- Born: 1943 (age 82–83)
- Education: Bedford College, London
- Occupations: Civil servant, public administrator
- Known for: Director General for Environment, DEFRA; UK delegation leader to Kyoto and Johannesburg summits; Chair of Keep Britain Tidy
- Awards: Companion of the Order of the Bath

= Dinah Nichols =

British civil servant and public administrator

Dinah Nichols CB (born 1943) is a retired British civil servant and public administrator. She is known for her 35-year career in the UK Civil Service, including senior roles in the Department for Environment, Food and Rural Affairs (DEFRA), leading the UK delegation to the Kyoto Climate Conference and the World Summit on Sustainable Development, and as Chair of Keep Britain Tidy.
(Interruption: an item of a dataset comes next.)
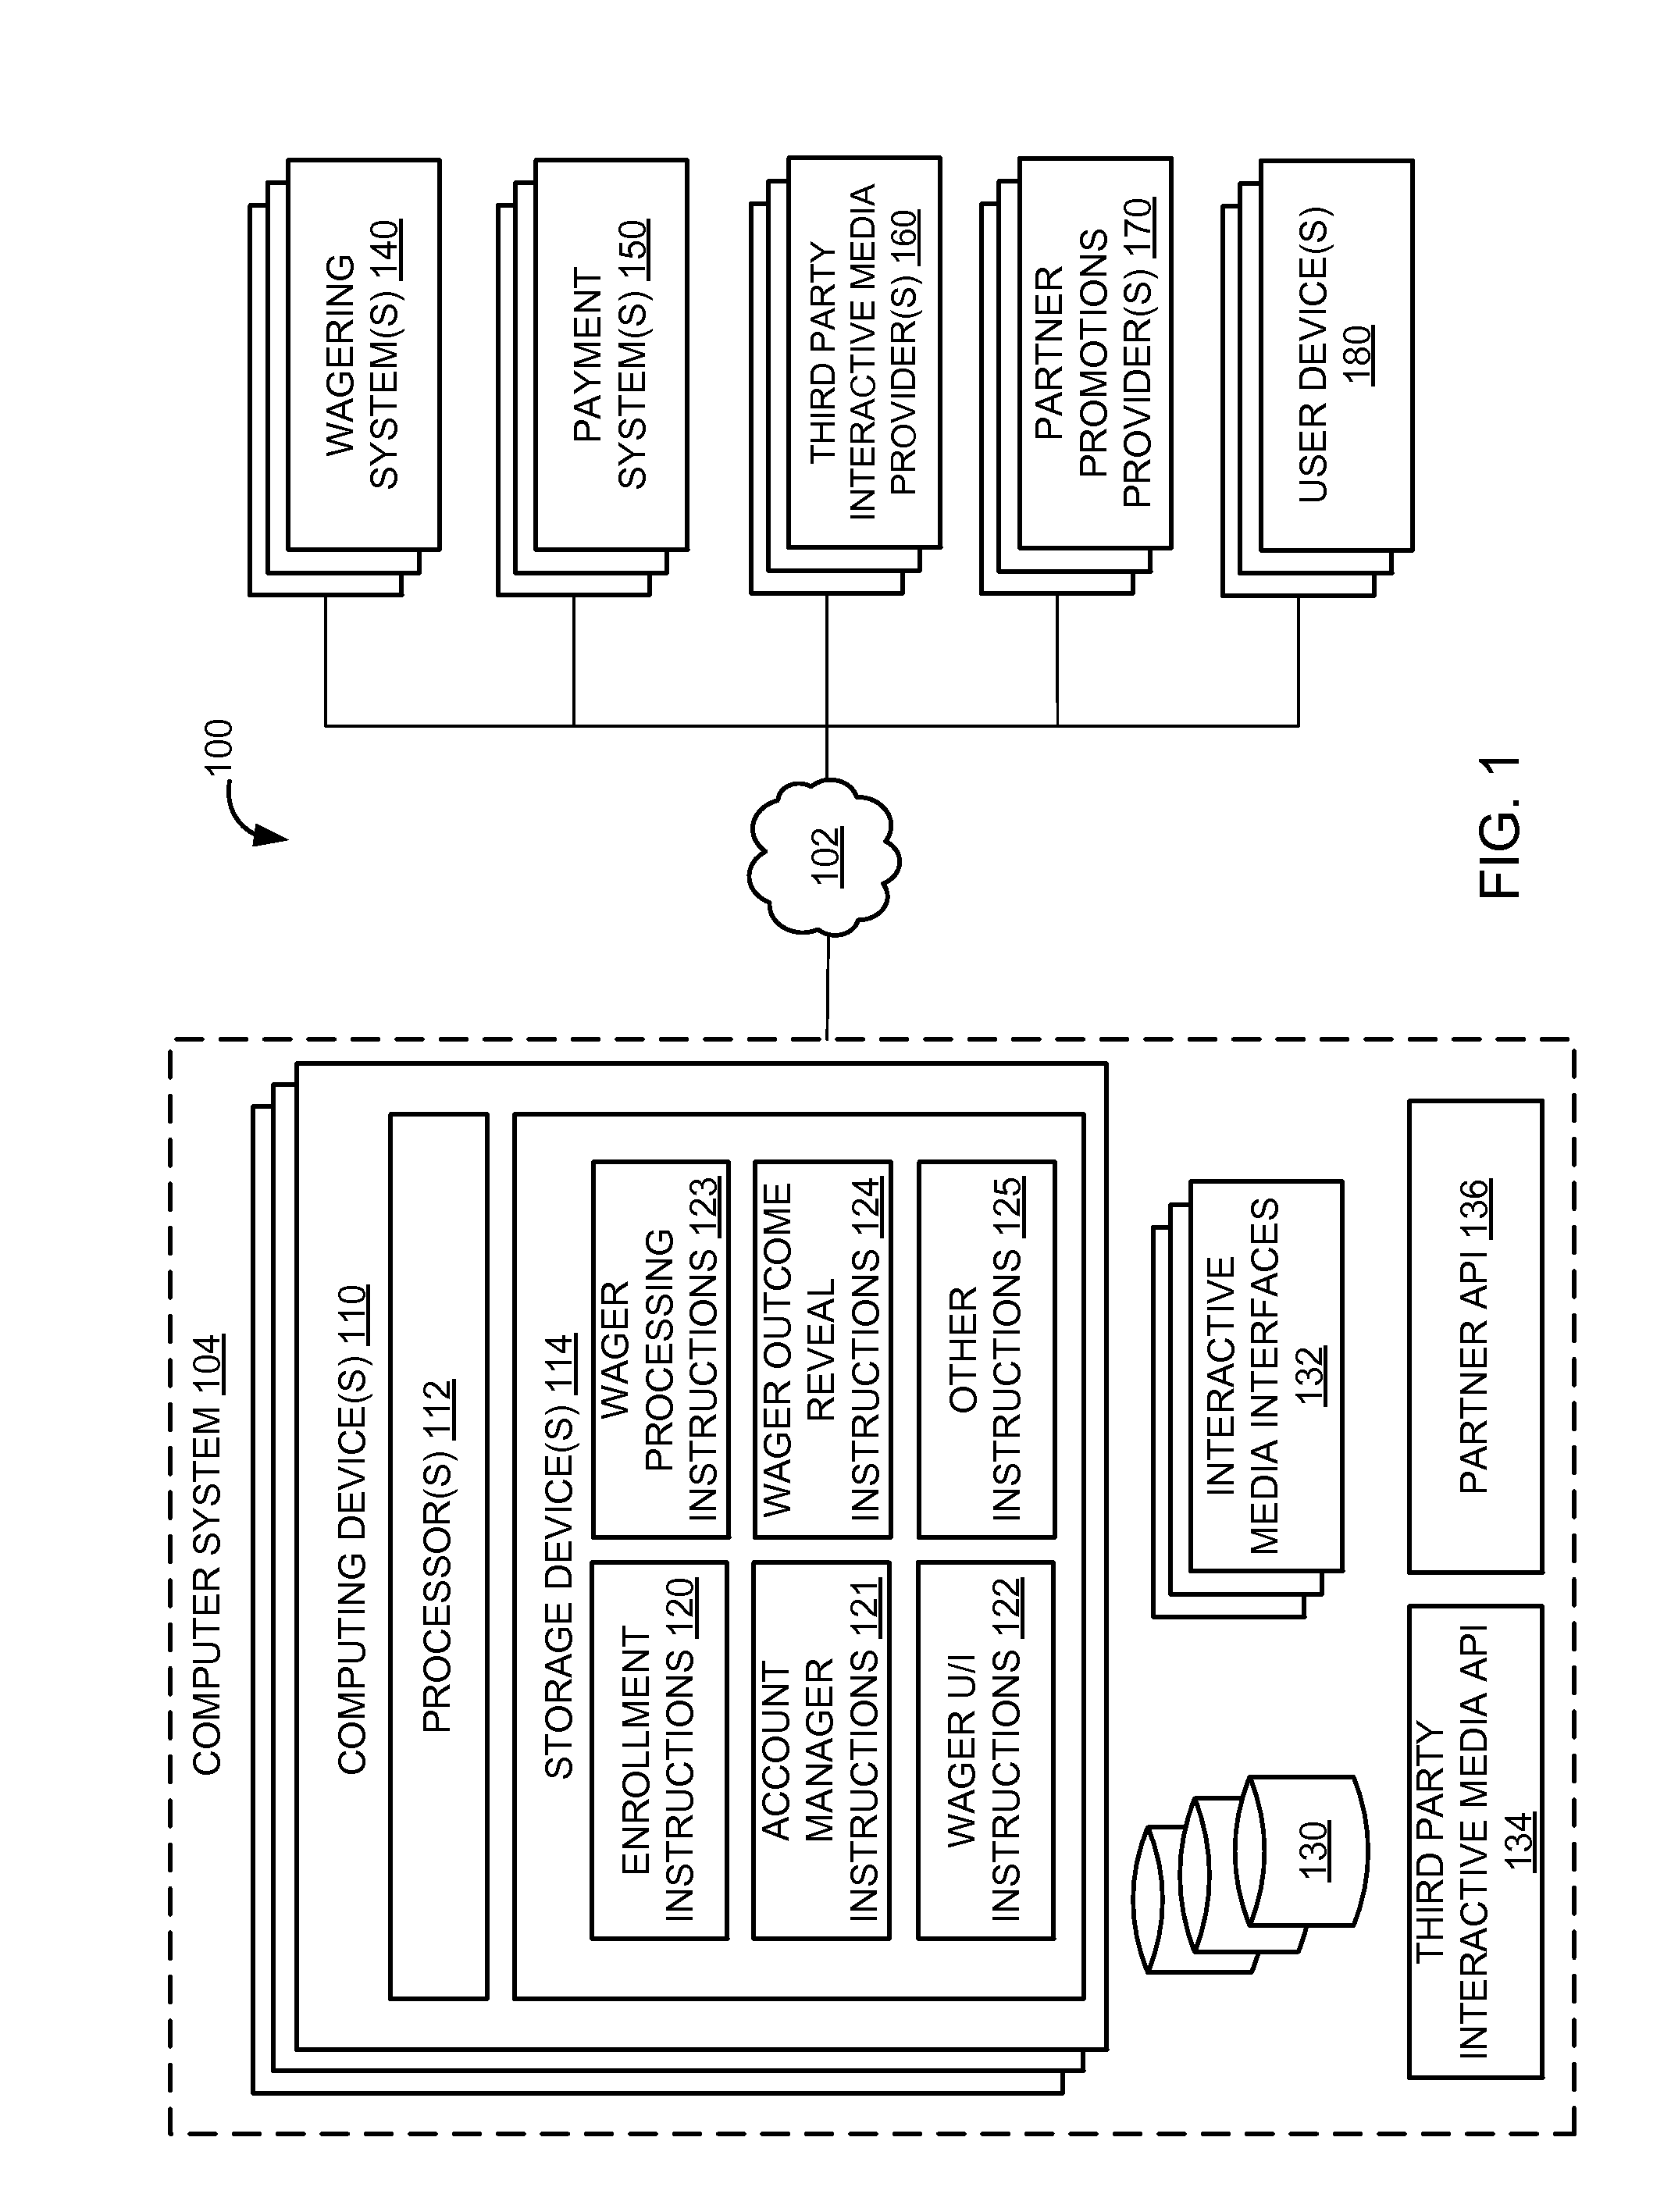 System and Method of Providing Wagering Opportunities Based on External Triggers

== Early life and education ==
Nichols studied history at Bedford College, London from 1962 to 1965, becoming the first in her family to attend university. She was awarded the Reid Arts Scholarship as an undergraduate, sang in the Imperial College Choir, performed with the ULU Gilbert and Sullivan Society, and served as Treasurer of the Students’ Union.

== Civil Service career ==
After graduating, Nichols joined the Ministry of Transport as a fast stream entrant, at a time when the Civil Service was predominantly male. Over a 35-year career, she held 20 different posts across five government departments. Her roles included involvement in the first attempt at devolution, inner city regeneration following the 1981 riots, serving as Private Secretary to both Labour and Conservative Transport Ministers, and overseeing the government’s property estate.

In her final full-time post as Director General for Environment at DEFRA, Nichols headed the UK delegation to the Kyoto Climate Change Conference and the World Summit on Sustainable Development.

== Later career ==
After leaving the Civil Service, Nichols held a variety of appointments in the private, public and charitable sectors. She served as a Crown Estate Commissioner, a non-executive director of Pennon Group, Chair of the National Forest Company, and Chair of Keep Britain Tidy. She is also a governor of Plymouth University.

== Honours and recognition ==
Nichols was appointed a Companion of the Order of the Bath (CB). She is an Honorary Fellow of Royal Holloway, University of London.

She funds the annual Dinah and Jessica Nichols Scholarship for postgraduate study in History at Royal Holloway, in memory of her sister, who also studied at Bedford College.